Monday, June 21, 2010

kisses

There is nothing quite binding as a kiss. My birthday was on the 13th of June. I am a full grown and awkward 27 years old. A little wiser- there are plenty of kisses that I regret. After seeing my line-up maybe, ‘plenty’ is not the correct word as my lip buddies are well under the number 10.

The first man I ever kissed is my father. Not in a gross make-out way, but in how fathers and daughters kiss. I mention this, as oppose to the countless uncles I have exchanged kisses with, because I am my father’s daughter. I have a rather unhealthy need to please him and be perfect, without actually being pleasing to him and hardly perfect. I hide my blemishes well, which takes its toll. I love my father dearly and he loves me. But there are times I am crushed by his expectations and I have grown so used to bottling it up, that I would rather perpetuate the myth than be honest with him.

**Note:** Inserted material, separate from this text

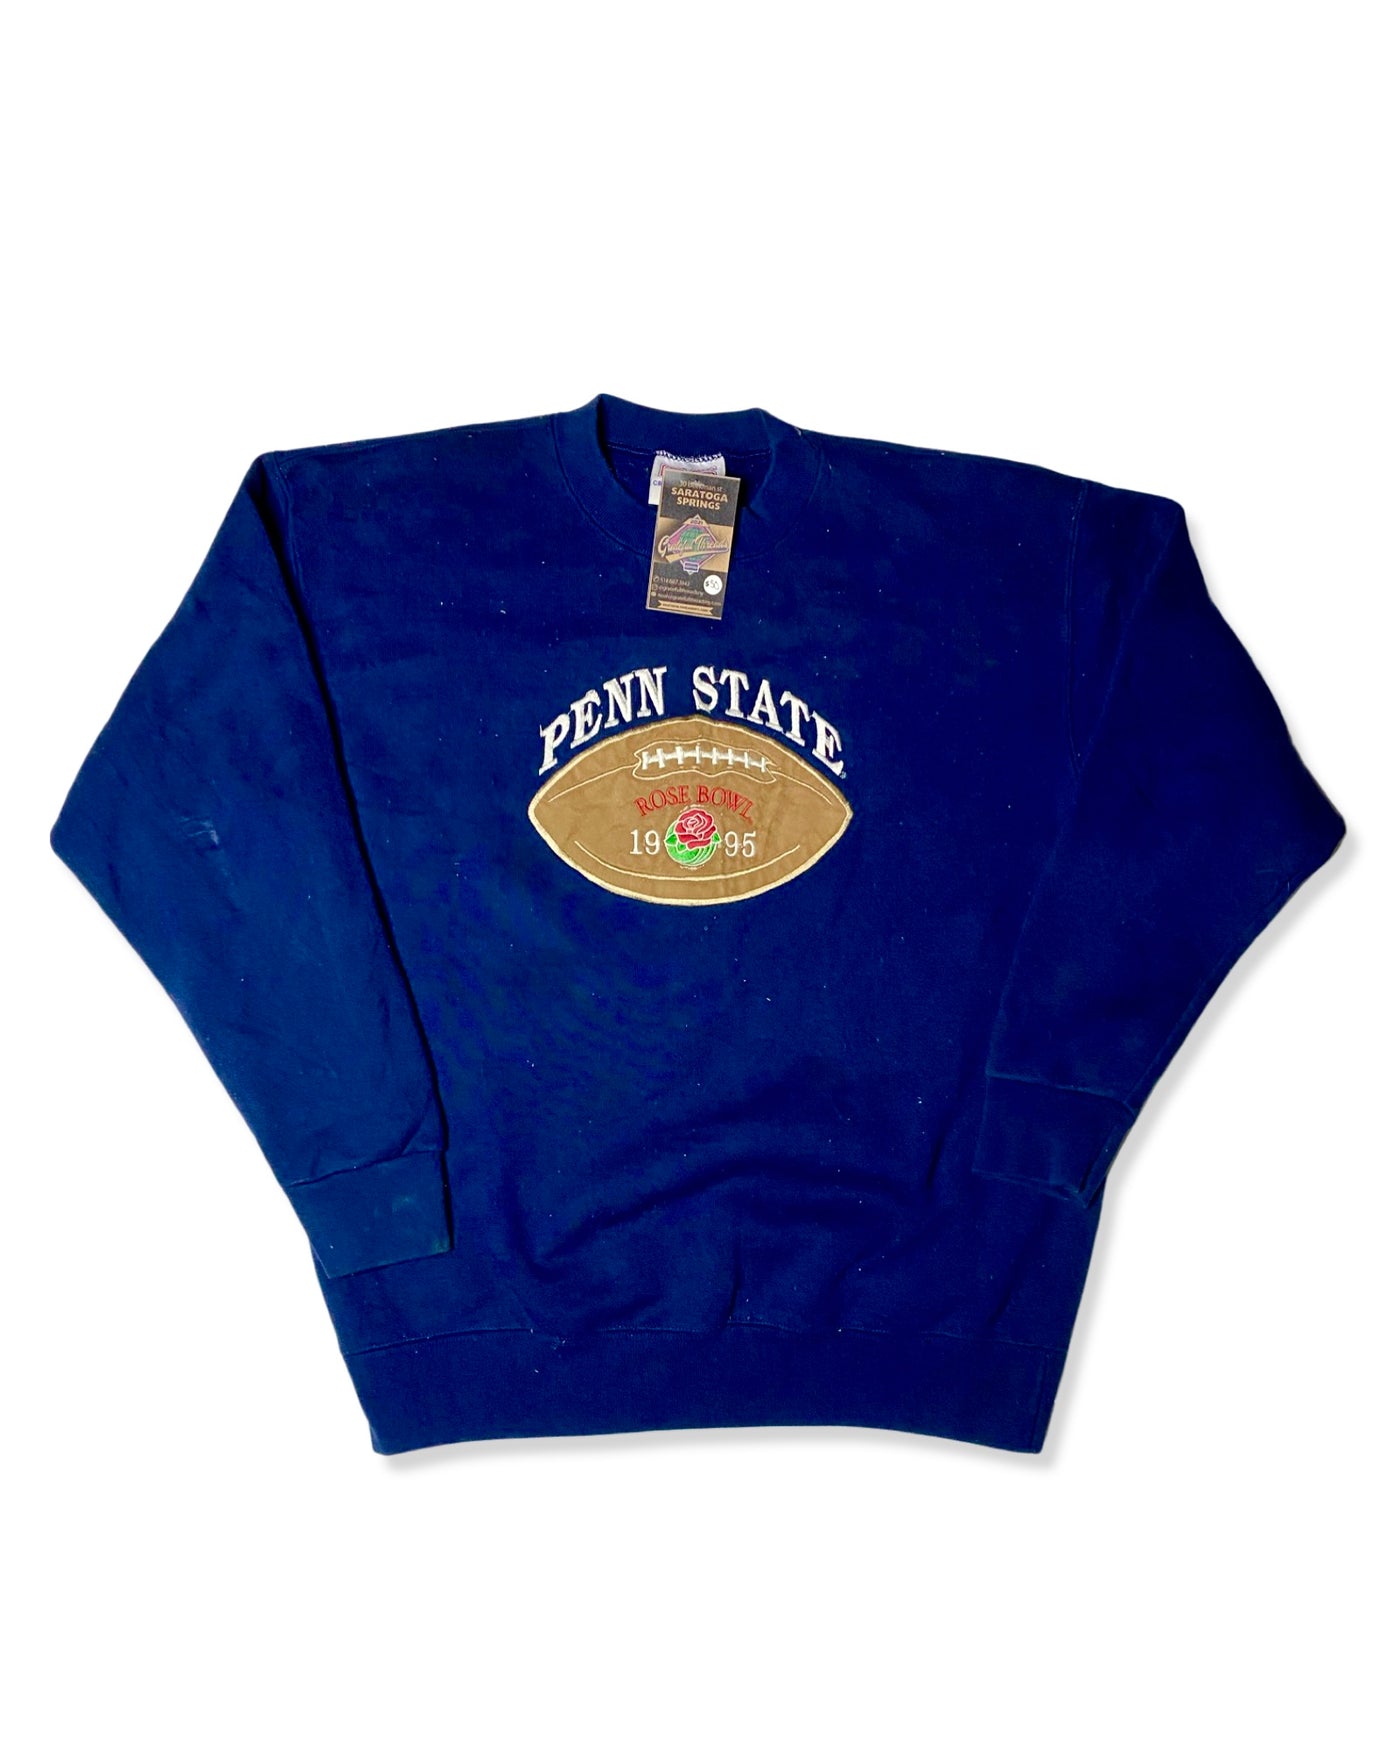 Vintage 1995 Penn State Rose Bowl Crewneck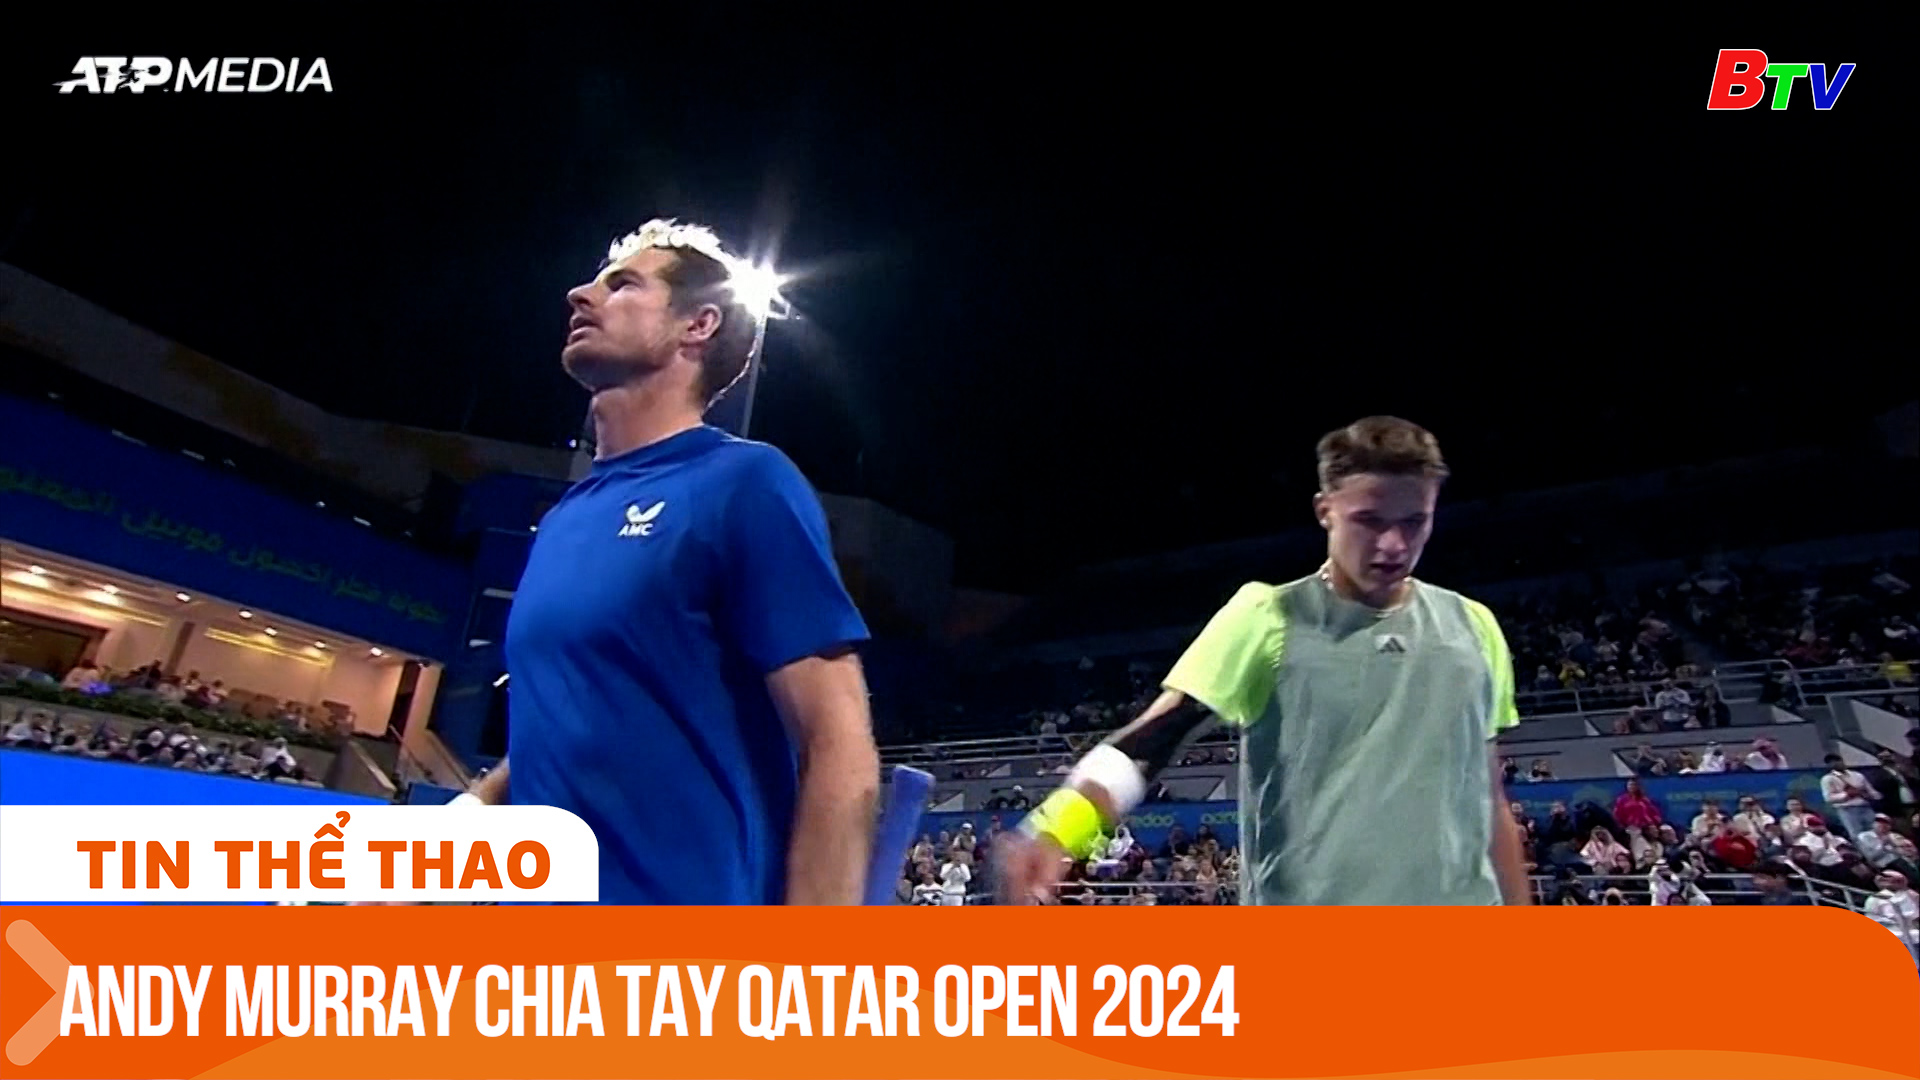 Andy Murray chia tay Qatar Open 2024 | Tin Thể thao 24h

The first boy I ever kissed promised to love me forever. So far so good. I was 15 and terrified. We’re both much older and the kisses still mean something. There is kissing to say hello and goodbye, kisses to make up for a bad fight, kisses to replace tears and kisses of contentment. We probably fight more than a happy couple should. But we are happy. It’s not perfect- but it’s our mess and we do the best to become better at it.

I kissed a girl in high-school. It was hardly life changing. Then I kissed my closest friend for quite a while until it became a pleasant habit. It breaks my heart to think I might never kiss her again- because we are not us anymore. Of course we still love each other fiercely- but we lost an intimacy to our friendship. It was probably all my fault. I tend to fuck up. A lot.

The 2nd boy I kissed tricked me. The 3rd seduced me. The 4th amused me. And the 5th I felt bad for. It’s always the kisses one should not have had that annoy me the most. Being older should mean accepting your mistakes and cherishing the good decisions. But fuck it. I’d rather I had always kissed whoever I’d have wanted to kiss in the future. Sound complicated no? Well maybe it is. It feels like I gave too much away. Locking lips is no small matter.

27 has taught me one thing and one thing only. To be selfish with my kisses. I have seen a glimpse of my future. In it- I am high on champagne, smug about having found true love, on a spiritual quest, happy and above all- kissing only those who deserve my lips. Another thing 27 has taught me- giving away kisses willy-nilly means you are the one that runs out.

P.S I meant to blog endlessly about my trip to Romania, but maybe later. Inspiration came and went.